Scuba Diving Emergencies DAN Column DCI, dehydration or a cardiac event
While on a diving holiday in Papua New Guinea, a diver experienced symptoms that could have been due to DCI, dehydration or a cardiovascular event.
The diver had completed one dive the previous day without issue and three dives on the day of the incident:
Dive 1: 30m for 30 minutes with a 40-minute surface interval
Dive 2: 22m for 65 minutes with a 2-hour surface interval
Dive 3: 20m for 50 minutes.
Time at the maximum depth was minimal on all dives, with most of the time spent at 10m-12m. Safety stops were completed on all dives. Upon surfacing from the second dive he developed a headache but did not say anything. However, upon surfacing from the final dive he looked and felt unwell. He reported a headache, tingling in his arms and hands, dizziness and haziness.
He was placed on oxygen on the boat and immediately taken back to the resort, where he continued breathing oxygen via a non-rebreather mask at 12 litres per minute in a reclined position. When attempting to go to the bathroom he collapsed due to weakened legs and appeared to be in a semi-conscious state. At this time, DAN was called.
Based on the information provided to the DAN medic regarding the dive profiles and the diver’s medical history, the diagnosis was not clear. The diver’s symptoms could have been attributed to DCI, dehydration, or a cardiovascular event. Due to the seriousness of the symptoms, DAN commenced emergency evacuation procedures.
While the evacuation options were being investigated the diver was instructed to continue breathing oxygen in a reclined position and to receive fluids. The operator was asked to monitor the weakness in the diver’s legs to ensure this did not evolve into paralysis and to ensure the diver could continue to urinate.
The plan was to evacuate the diver to Townsville Hospital (QLD) for evaluation and possible chamber treatment — at this stage, it couldn’t be confirmed whether the incident was dive-related or a non-diving medical situation.
Upon arrival at the hospital the diver underwent neurological tests, of which all were unremarkable except for the sharpened Romberg test. This test involves the patient standing upright with one foot in front of the other (heel-to-toes) and with the arms folded across the chest. The diver is then asked to close his eyes. A loss of balance is interpreted as a positive Romberg sign, although several attempts may be made. Ideally, the diver can maintain the position (albeit with some wobbling!) for one minute.
Based on these test results, the diagnosis was DCI, and the diver received a U.S. Navy Table 6 treatment. Afterward the results of further Romberg tests improved significantly.
He was discharged from the hospital the following day with no residual symptoms and was asked to wait several days before flying home, given the severity of his symptoms. Happily, he made a full recovery.
EVACUATION COST: AUD$57,000.
Although he described himself as very fit and reported going to the gym five times a week, the diver’s medical history included a triple heart bypass.
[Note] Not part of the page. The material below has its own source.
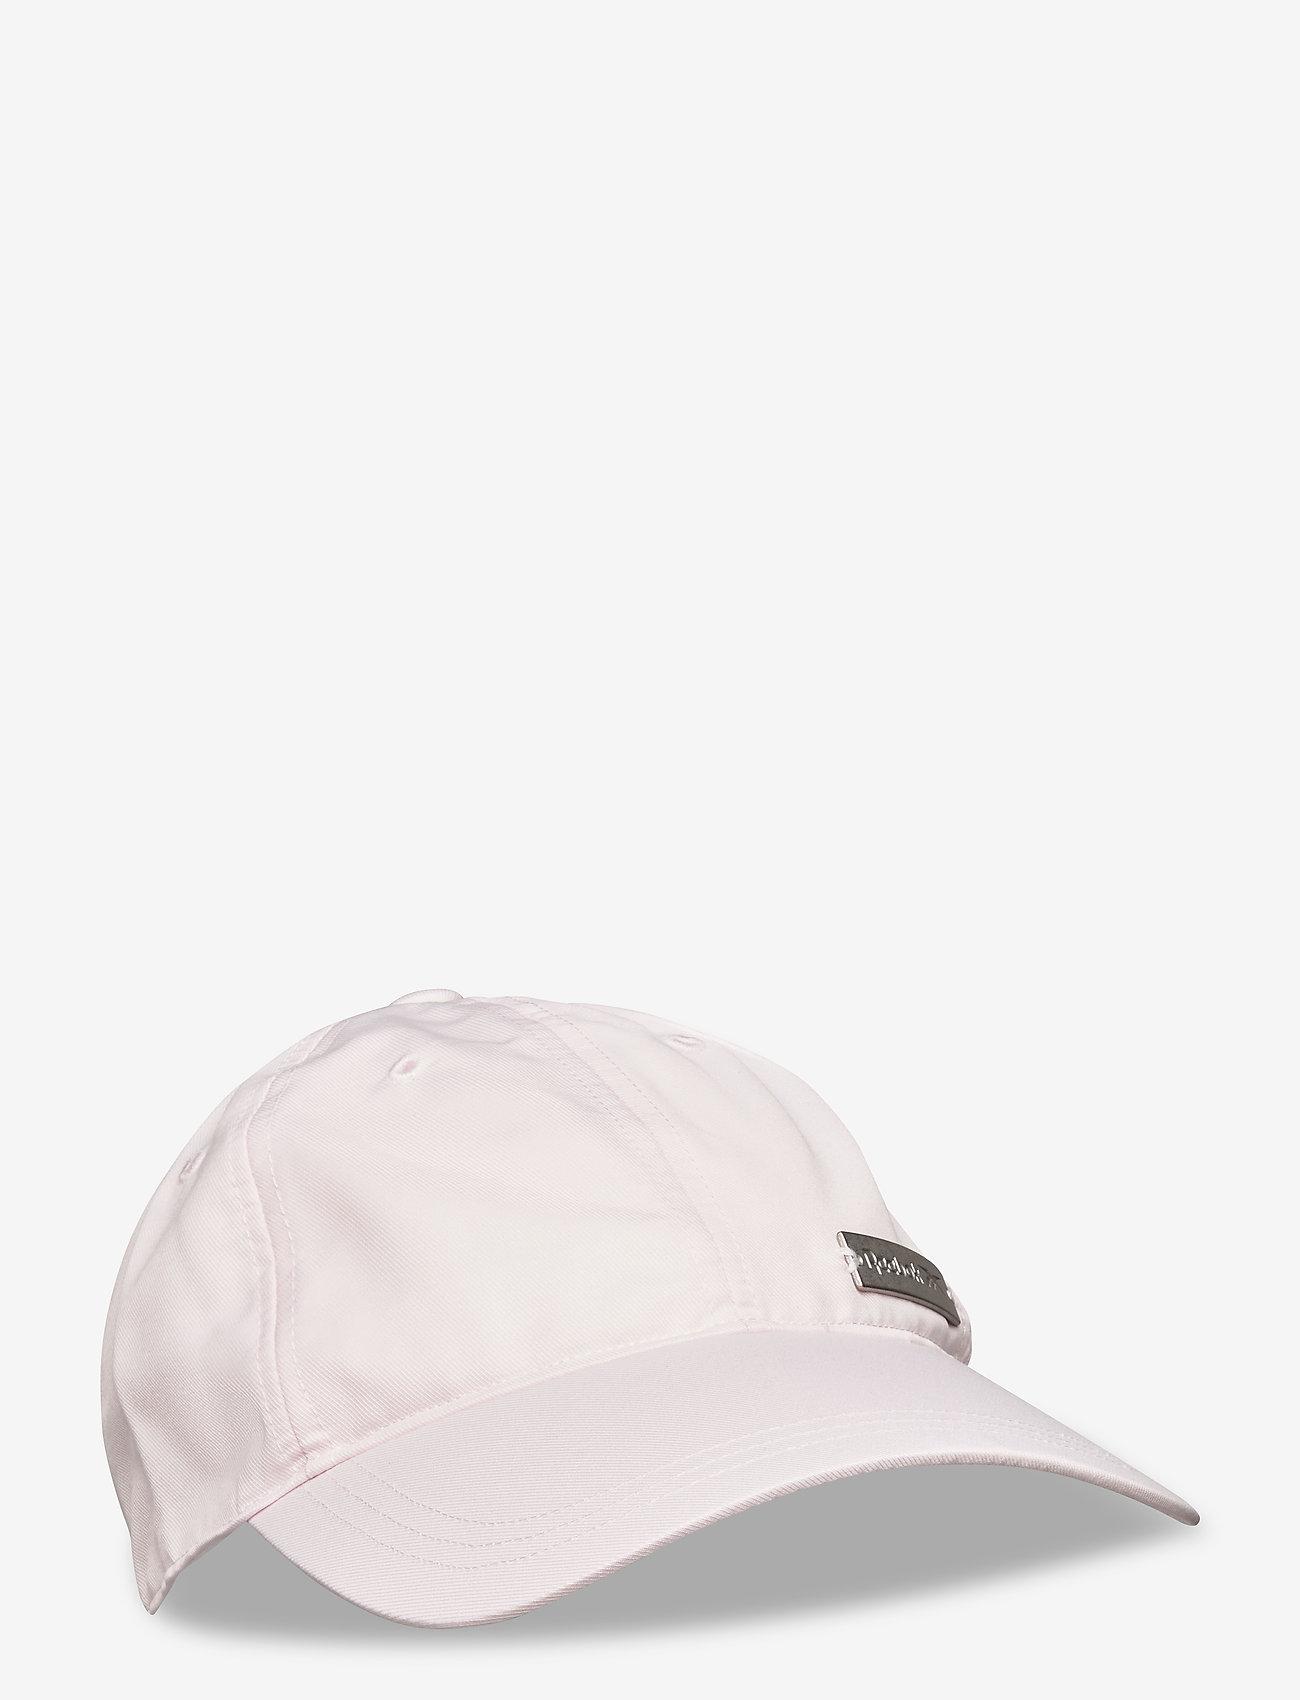 Reebok Performance - W FOUND CAP - kasketter - glapnk - 0

Thus the DAN medics could not rule out a cardiac event when assessing his initial symptoms.
While waiting for the evacuation to be organised, DAN’s preferred option would have been to move the diver to a clinic to receive IV fluids and to have a urinary catheter inserted if that became necessary. However, the local clinic was very basic, and it was likely that the diver wouldn’t receive the required care. It was decided that the diver would be more comfortable where he was, and that he was receiving better oxygen first aid at the dive resort than would be available at the clinic. Fortunately, this turned out to be a good decision as the diver improved substantially overnight.